The European Union's legislative body has sanctioned the first substantial framework of rules to oversee artificial intelligence on a global scale. This legislative move was spurred by the swift progression in AI technologies, which have sparked various concerns, including their effects on employment, personal privacy, and the rights of individuals.
This regulatory framework is designed to safeguard fundamental human rights, uphold democratic values, ensure the rule of law, and protect environmental integrity against the potential dangers of high-risk AI systems. It also sets forth requirements for AI systems, tailored to the level of threat and influence they may pose.
In its approach, the legislation categorizes AI according to the degree of risk it presents, from "unacceptable" to high, medium, and low threat levels. It delineates a clear distinction between uses of AI that are considered unacceptable and those that carry high, medium, or low risks. The regulatory package prohibits AI practices that could endanger the rights of citizens, including biometric classification systems, the use of emotion detection in professional settings, and AI that could manipulate human behavior. AI systems and models intended for general use must adhere to EU copyright laws and provide comprehensive summaries of the training data utilized.
According to Dragos Tudorache, EU Parliament Member, “We have not yet witnessed the full power of AI. Existing capabilities have already surpassed anything we could have imagined and this will continue, exponentially. AGI is something that we need to prepare for.”

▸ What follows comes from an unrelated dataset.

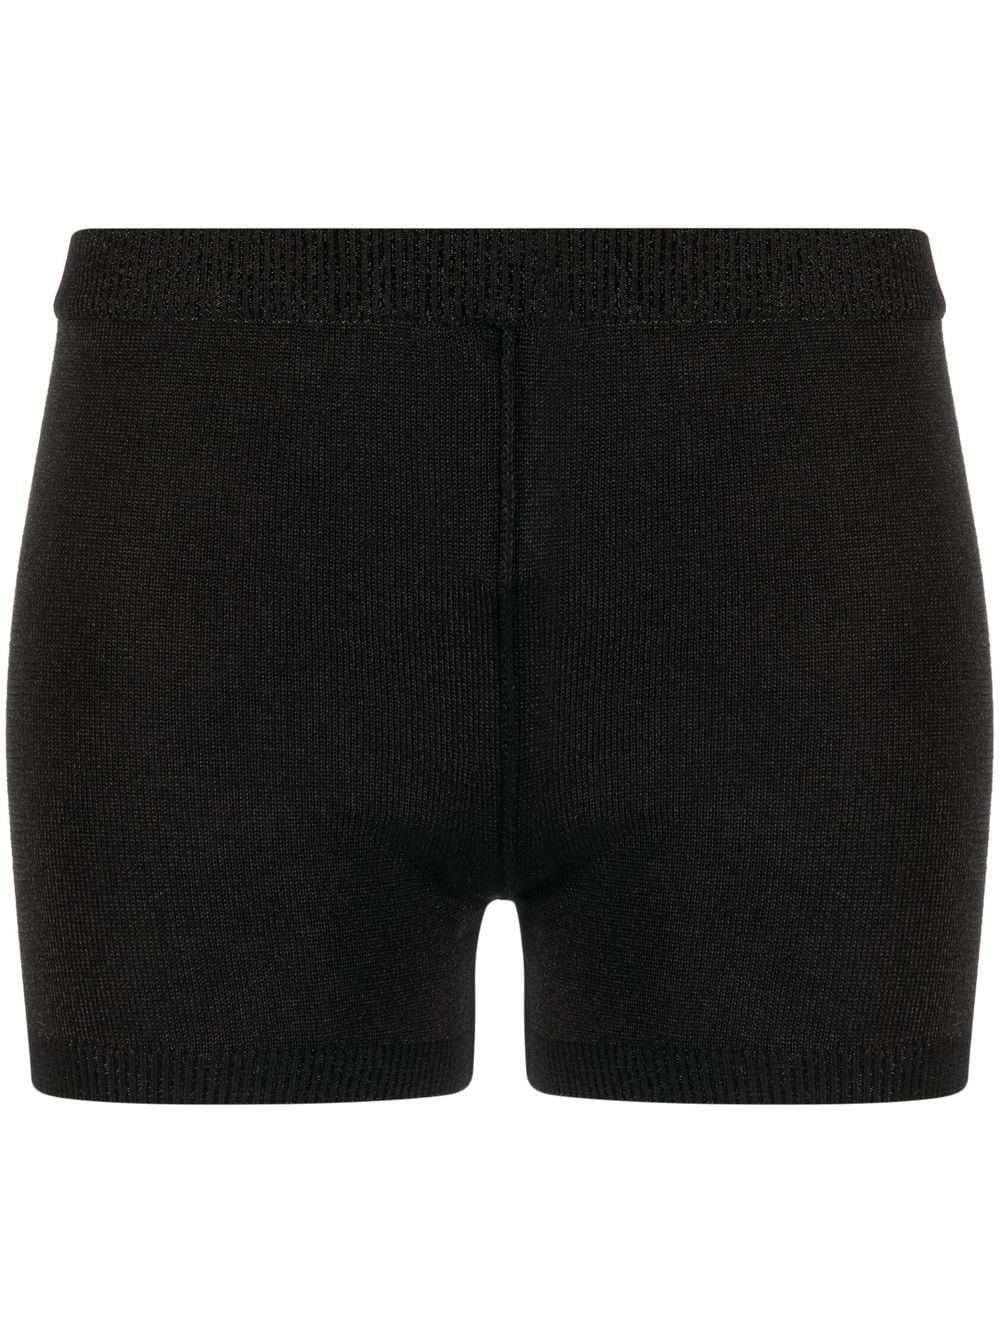 1017 ALYX 9SM hip-strap knit shorts - Black von 1017 ALYX 9SM
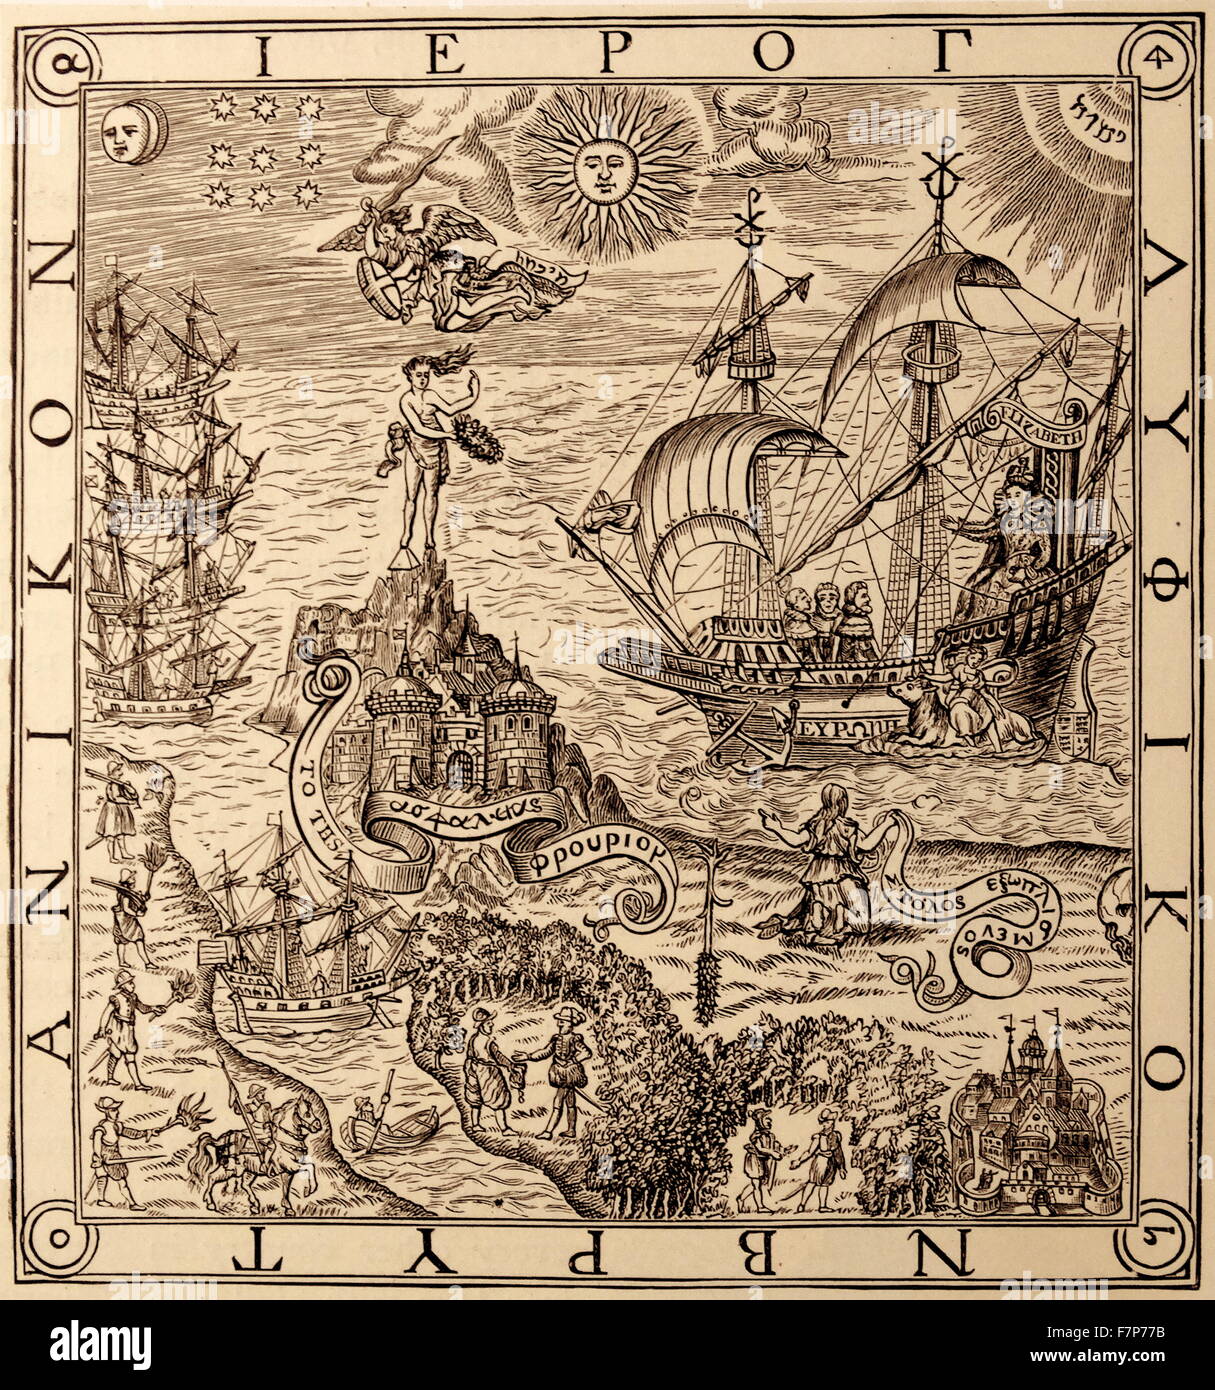 Un jeroglifo de Bretaña frontispicio a John Dee del "Arte de la navegación" AD 1577 Foto de stock

He also stated that, “The AI Act has pushed the development of AI in a direction where humans are in control of the technology, and where the technology will help us leverage new discoveries for economic growth, societal progress, and to unlock human potential.”

The Generative AI Identity Crisis: Emerging AI Threatscapes and Mitigations
Kevin Bocek, Chief Innovation Officer at Venafi notes, “This law aims to ensure the safety, transparency, non-discrimination, and traceability of AI so that it isn’t exploited or used for malicious means by adversaries. The great thing about the EU’s AI Act is that it aligns AI models identities, akin to human passports, subjecting them to a Conformity Assessment for registration on the EU’s database.”
Unlike other regulatory efforts, the EU AI Act outlines consequences for organizations that break the rules. Noncompliant organizations may be hit by fines ranging from 7.5 million to 35 million euros, depending on the infringement and size of the company.
Armand Ruiz, AI Director at IBM wrote that “The EU AI Act is a risk-based approach, meaning that it places stricter requirements on AI systems that pose a higher risk to human health, safety, and fundamental rights.” Ruiz also presented the following simplified list of prohibited AI and key requirements for high-risk AI.
Prohibited AI Systems
- Social credit scoring systems
- Real-time biometric identification in public places (except for limited, pre-authorized situations)
- AI systems that exploit people's vulnerabilities (e.g., age, disability)
- AI systems that manipulate people's behavior or circumvent their free will
𝗞𝗲𝘆 𝗥𝗲𝗾𝘂𝗶𝗿𝗲𝗺𝗲𝗻𝘁𝘀 𝗳𝗼𝗿 𝗛𝗶𝗴𝗵-𝗥𝗶𝘀𝗸 𝗔𝗜
- Conducting a fundamental rights impact assessment and conformity assessment
- Registering the system in a public EU database
- Implementing a risk management and quality management system
- Implementing data governance measures (e.g., bias mitigation, representative training data)
- Providing transparency (e.g., Instructions for Use, technical documentation)
- Ensuring human oversight (e.g., explainability, auditable logs, human-in-the-loop)
- Ensuring accuracy, robustness, and cybersecurity (e.g., testing and monitoring)
Harness the power of AI to slay machine identity complexity in seconds
“As governments around the world grapple with how best to regulate a technology of growing influence and import, none have touted the possibility of AI identity management, Bocek warns. “The EU’s regulation, by far the most fully formed, says each model must be approved and registered—in which case it naturally follows that each would have its own identity. This opens the door to the tantalizing prospect of building a machine identity-style framework for assurance in this burgeoning space.”
Bocek notes that there’s plenty still to work out. But assigning each AI a distinct identity, would enhance developer accountability and foster greater responsibility, discouraging malicious use. Doing so with machine identity isn’t just something that will help protect businesses in the future, it’s a measurable success today. And more broadly it would help to enhance security and trust in a technology so far lacking either. It’s time for regulators to start thinking about how to make AI identity a reality.